Il avait raison, évidemment. Ce même jour, le trente mai, alors que Cicéron recevait les fausses promesses de Lépide, Antoine en personne — la barbe et les cheveux longs et négligés après quarante jours de fuite — arrivait sur la rive opposée au camp de Lépide. Revêtu d’une robe noire, il s’enfonça dans l’eau jusqu’à la poitrine, traversa la rivière et s’approcha de la palissade pour échanger quelques mots avec les légionnaires. Beaucoup le reconnurent pour avoir servi avec lui durant la guerre des Gaules et la guerre civile, et se précipitèrent pour lui parler. Le lendemain, Antoine fit passer le cours d’eau à toute son armée, et les hommes de Lépide les accueillirent à bras ouverts, allant jusqu’à abattre eux-mêmes leurs fortifications pour les laisser entrer. Antoine se vit maître de toute l’armée, et traita Lépide avec le plus grand respect. Il lui donna le nom de « père » et l’assura que, s’il se rangeait à sa cause, il lui laisserait le titre et les honneurs du commandement. Les soldats applaudirent. Lépide accepta.
Ou c’est du moins le récit qu’ils concoctèrent ensemble. Cicéron était convaincu qu’ils s’étaient entendus depuis le début et que leurs retrouvailles avaient été convenues à l’avance. Mais en prétendant qu’il avait dû s’incliner devant un cas de force majeure, Lépide avait un peu moins l’air d’un traître.
La dépêche de Lépide annonçant le tour catastrophique qu’avait pris la situation mit neuf jours à arriver au Sénat, alors que des rumeurs alarmistes la précédaient déjà. Cornutus la lut aux sénateurs dans le temple de la Concorde.

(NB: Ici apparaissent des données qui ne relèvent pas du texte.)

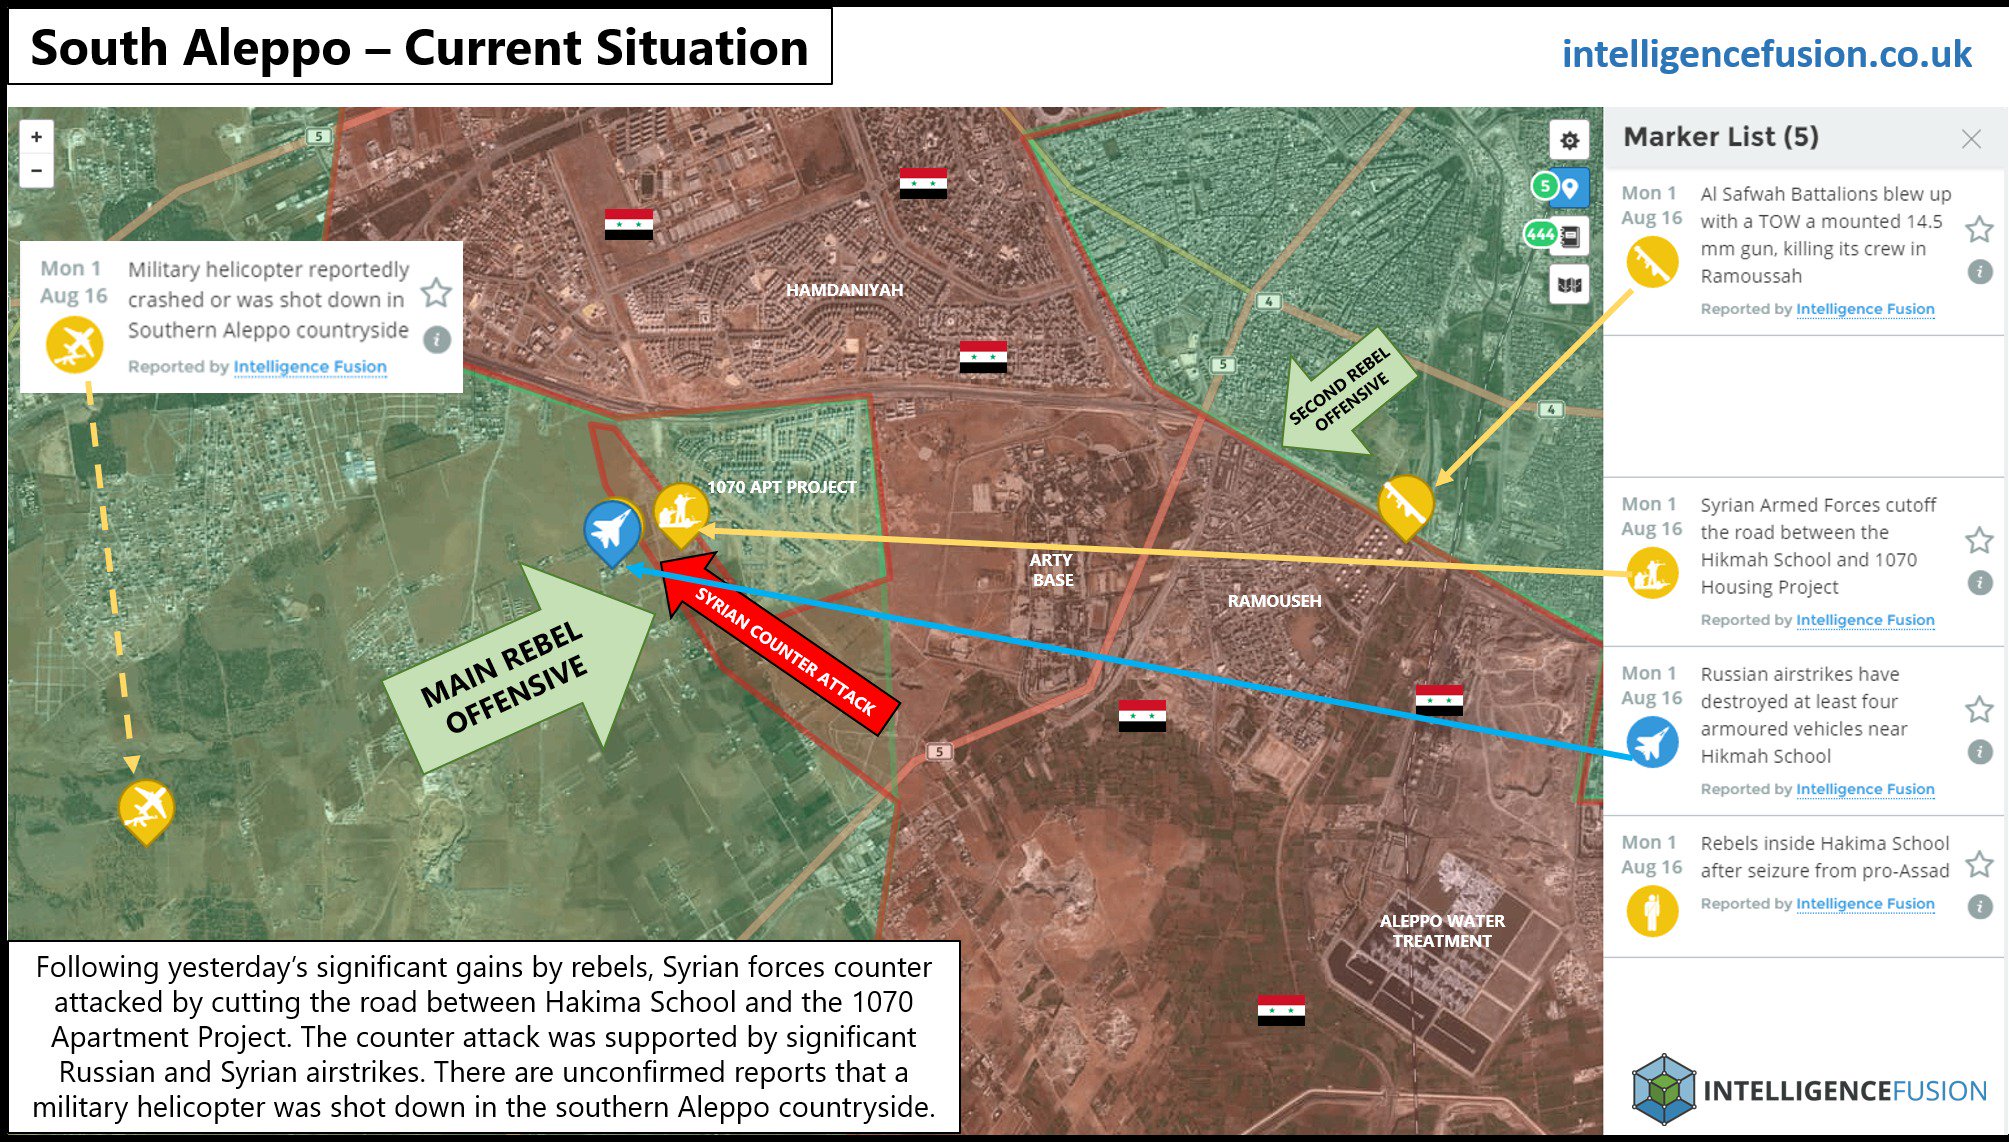 Russian Aerospace Forces Pulverize Area of Downed MI-8, Syrian Army Counter-Attacks in South Aleppo
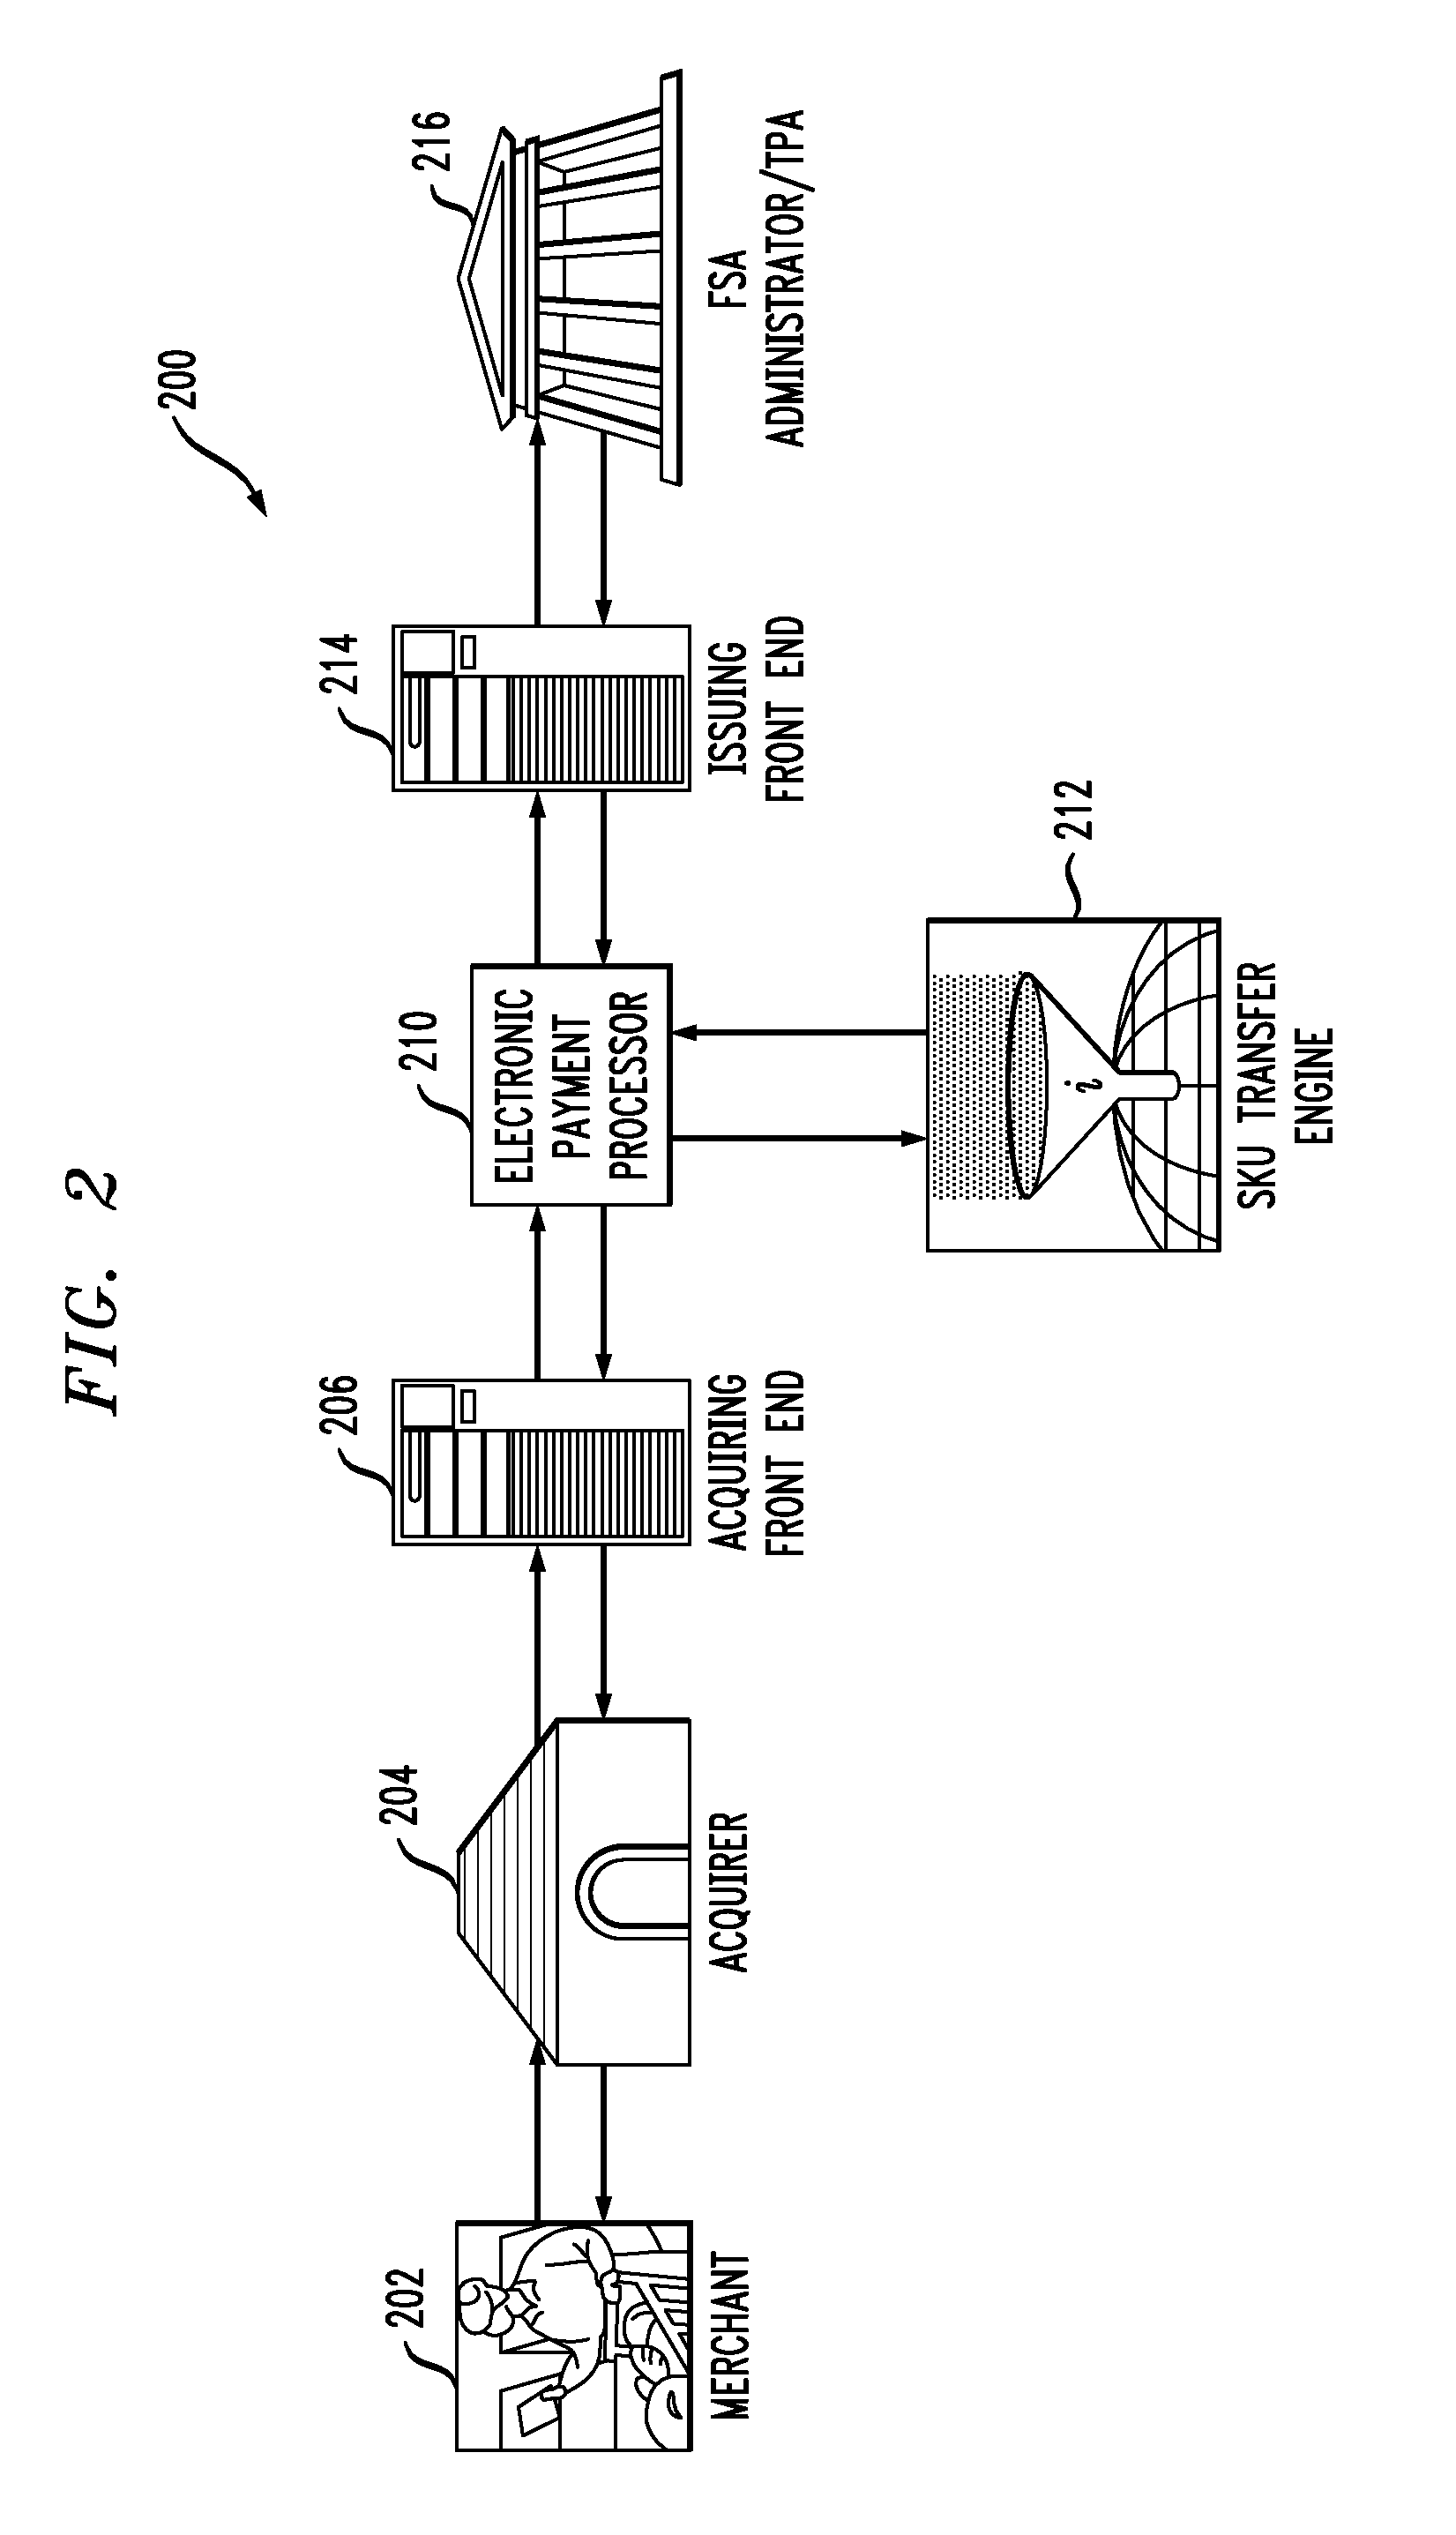 Method and system for enabling item-level approval of payment card

Je prends les dieux et les hommes à témoin que jamais je n’eus rien de plus à cœur que le salut commun et la liberté : ces sentiments, vous les auriez vus à mes œuvres, si la fortune ne m’en avait arraché le pouvoir. Il y a eu sédition parmi mes soldats. L’armée tout entière a déclaré que sa mission était de ménager les citoyens et de conserver la paix. J’ai été à la lettre contraint de me mettre à sa tête, afin de ne pas compromettre la vie et la sûreté de tant de braves gens. Dans ces circonstances, je vous prie et vous conjure, pères conscrits, de ne pas voir un crime dans ce sentiment honorable qui nous fait reculer moi et mes soldats devant les fléaux de la guerre civile.